On March 23, 2009, Stifel Financial Corp. announced that its principal operating subsidiary, Stifel, Nicolaus & Company, Incorporated ("Stifel Nicolaus"), had entered into a definitive agreement (the "Agreement") with UBS Financial Services Inc. ("UBS") to acquire up to 55 branches from the UBS Wealth Management Americas branch network.
The 55 offices are located in 24 states throughout the country, and employ an aggregate of approximately 320 Financial Advisors. The transaction is structured as an asset purchase for cash at a premium over certain balance sheet items, subject to adjustment. The payments to UBS include:
An upfront cash payment of up to approximately $27 million based on the actual number of branches and Financial Advisors acquired by Stifel Nicolaus;
Annual earn-out payments for the two-year period following the closing of the transaction based principally on the performance of the UBS Financial Advisors who become Stifel Nicolaus employees; and
Aggregate payments of up to approximately $19 million for net fixed assets and employee forgivable loans.
The above payments are variable based upon the number of Financial Advisors and branches acquired by Stifel Nicolaus. In addition to the above payments, Stifel Nicolaus has agreed to acquire other client related assets, and assume certain liabilities, associated with the branches acquired.
The number of employees, branches and assets to be acquired by Stifel is expected to be determined in approximately 35 to 45 business days.

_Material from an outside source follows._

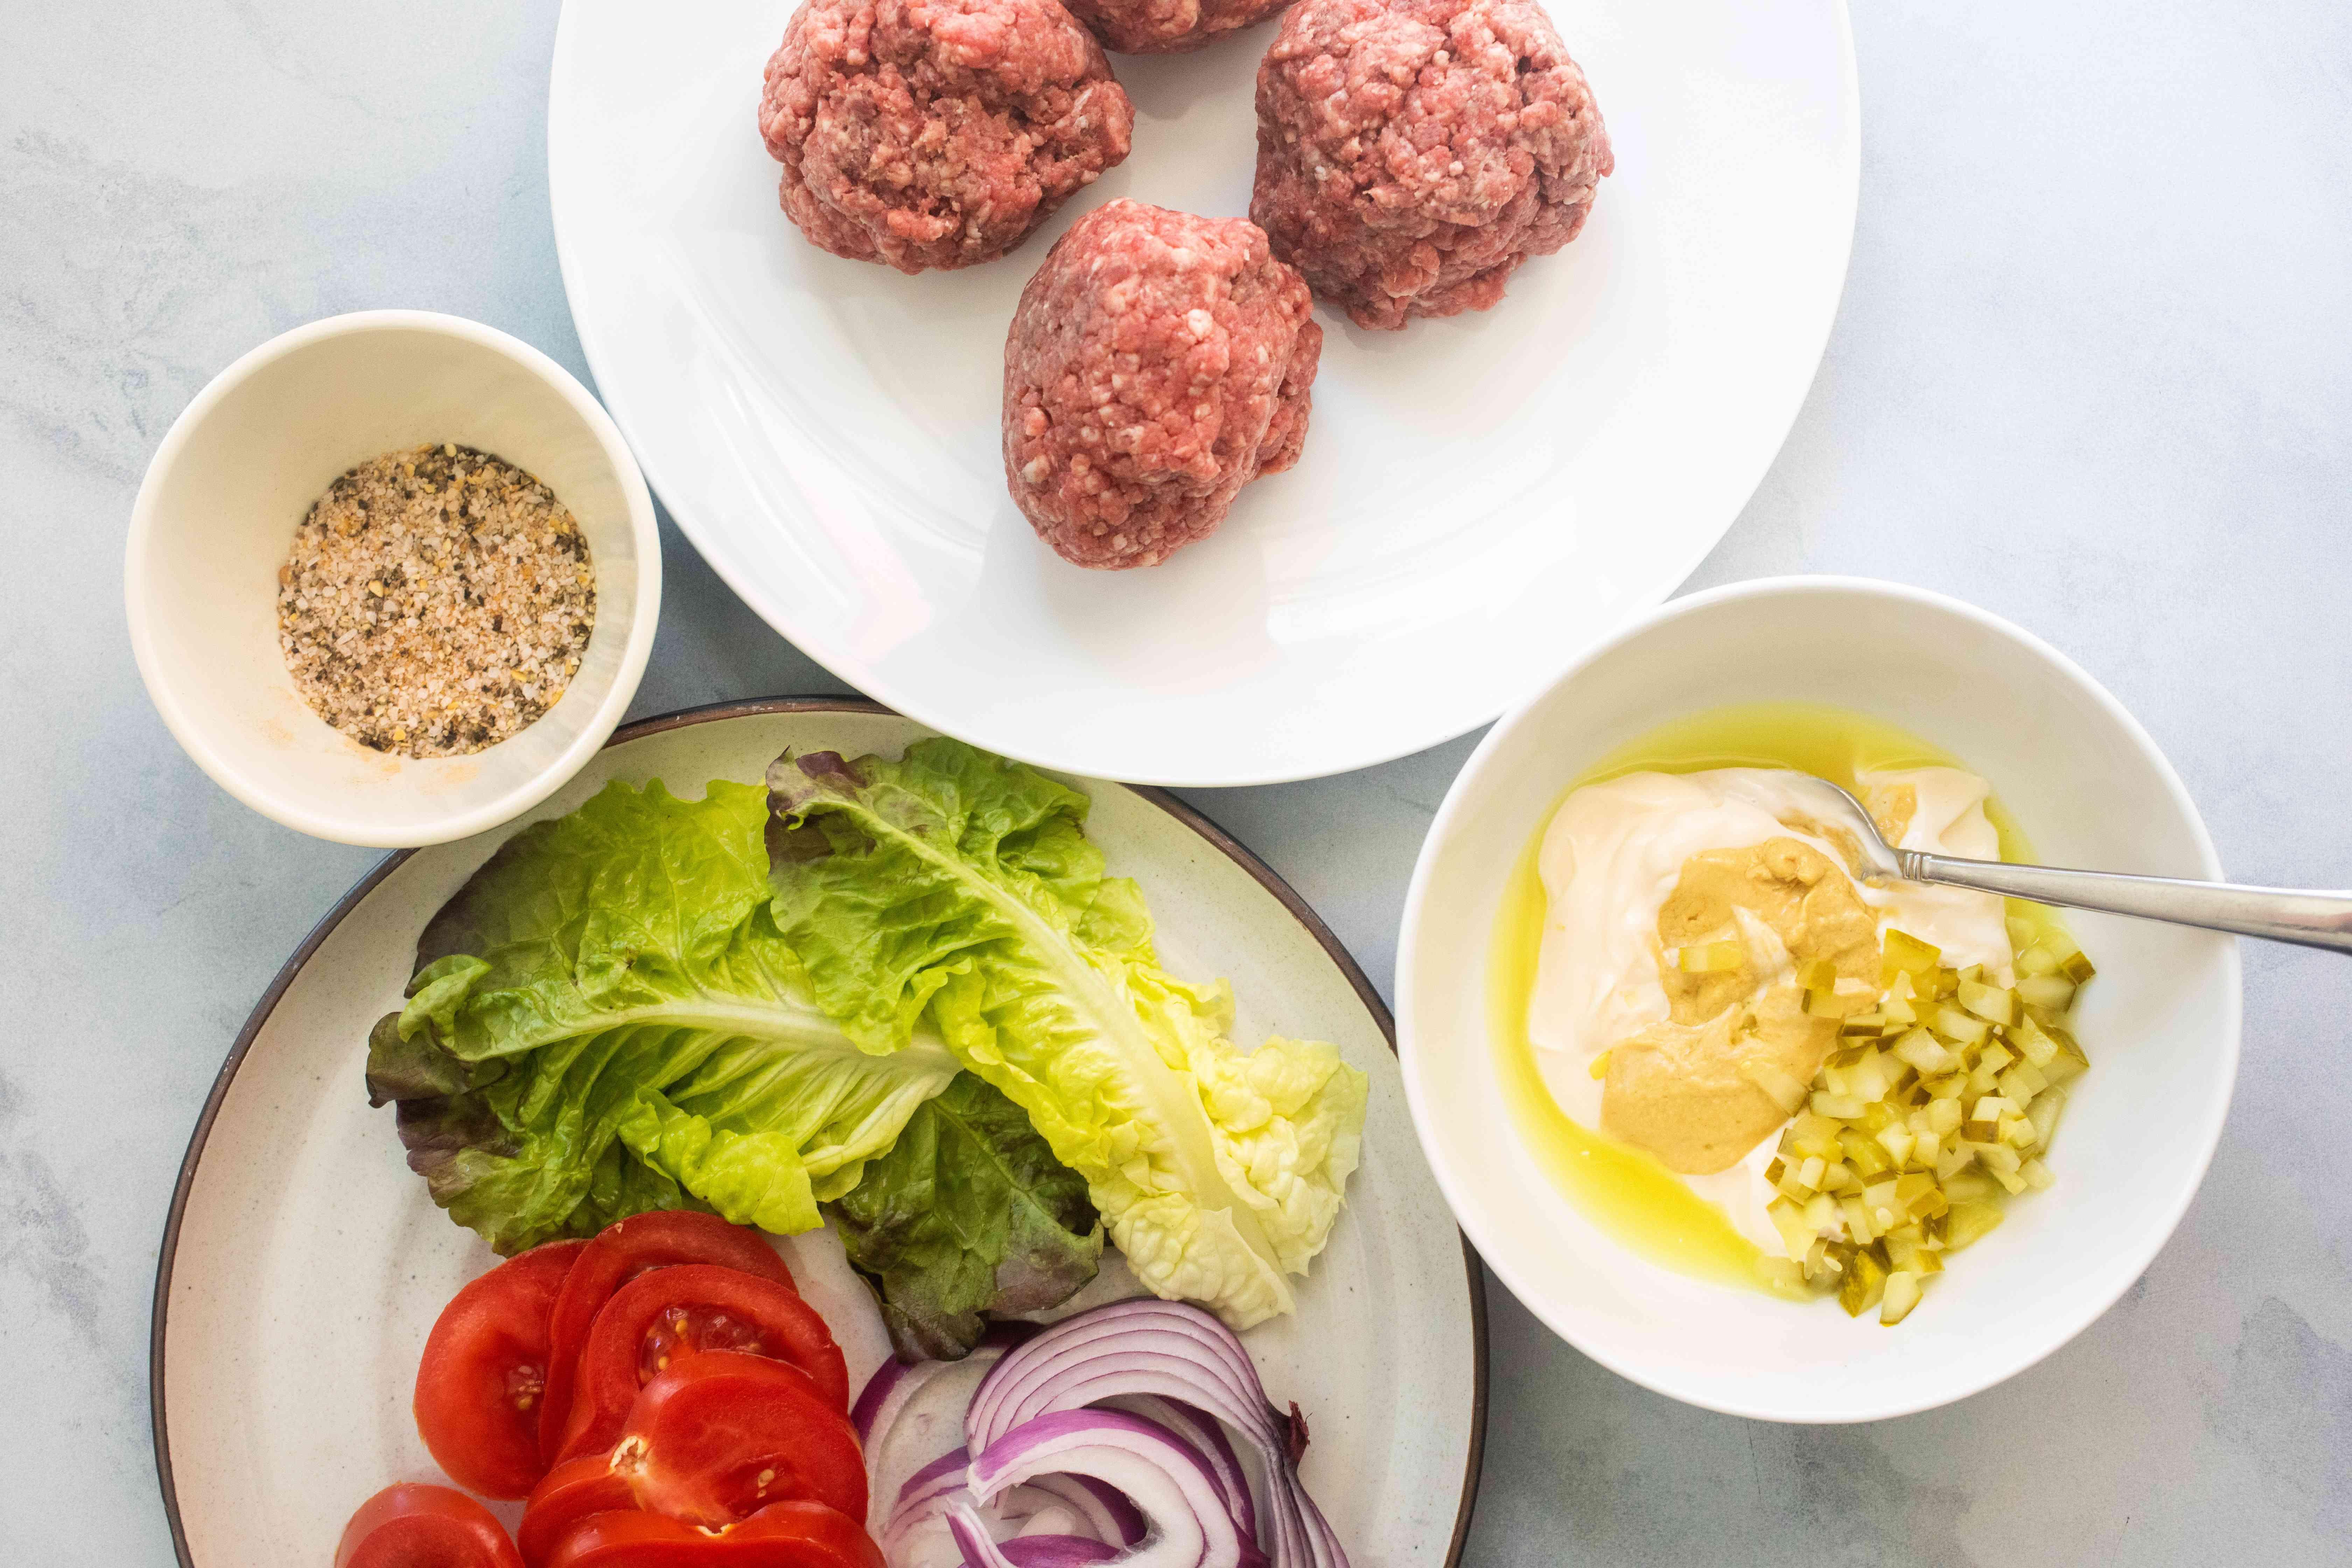 Ingredients to make a smashburger-style burger recipe.

The Agreement contains certain customary representations, warranties and covenants on the part of Stifel Nicolaus and UBS including certain employee and customer non-solicitation obligations, and the consummation of the transaction is subject to a number of customary closing conditions and the approval of all required governmental and other regulatory entities. The Agreement also provides for indemnification of each of the parties in certain instances.
The parties expect the closing of the transaction, which may be completed in a series of up to four separate closings, to occur during the third quarter of 2009. There is no assurance the transaction will be consummated within the presently contemplated timeframe, or at all. Under certain circumstances described in the Agreement, the Agreement may be terminated by either party if the transaction does not occur on or before September 1, 2009 or under certain circumstances by UBS after such date even if an initial closing has occurred. In such case, Stifel Nicolaus will be obligated to pay UBS a non-refundable termination payment of $10 million. Further, Stifel Nicolaus may terminate the Agreement if certain limited branch acceptance criteria specified in the Agreement have not been met by paying a non-refundable termination payment of either $5 million (if terminated no later than the 35th business day following the date of the Agreement under certain circumstances) or $10 million (if terminated after such date).
The foregoing description of the Agreement is qualified in its entirety to the full text of the Agreement, which is attached hereto at Exhibit 2.1.
Cautionary Statement Concerning Forward-Looking Statements
Certain statements in this Form 8-K are "forward-looking statements" within the meaning of U.S. federal securities laws. Stifel intends that these statements be covered by the safe harbors created under these laws. These forward-looking statements are subject to risks, uncertainties, and other factors that could cause actual results to differ materially from future results expressed or implied by the forward-looking statements. Many of these factors and events are beyond Stifel's ability to control or predict. Given these uncertainties, readers are cautioned not to place undue reliance on the forward-looking statements, which only speak as of the date of this Form 8-K. Stifel does not undertake any obligation to release publicly any revisions to these forward-looking statements to reflect events or circumstances after the date of this Form 8-K or to reflect the occurrence of unanticipated events, except as may be required under applicable securities laws.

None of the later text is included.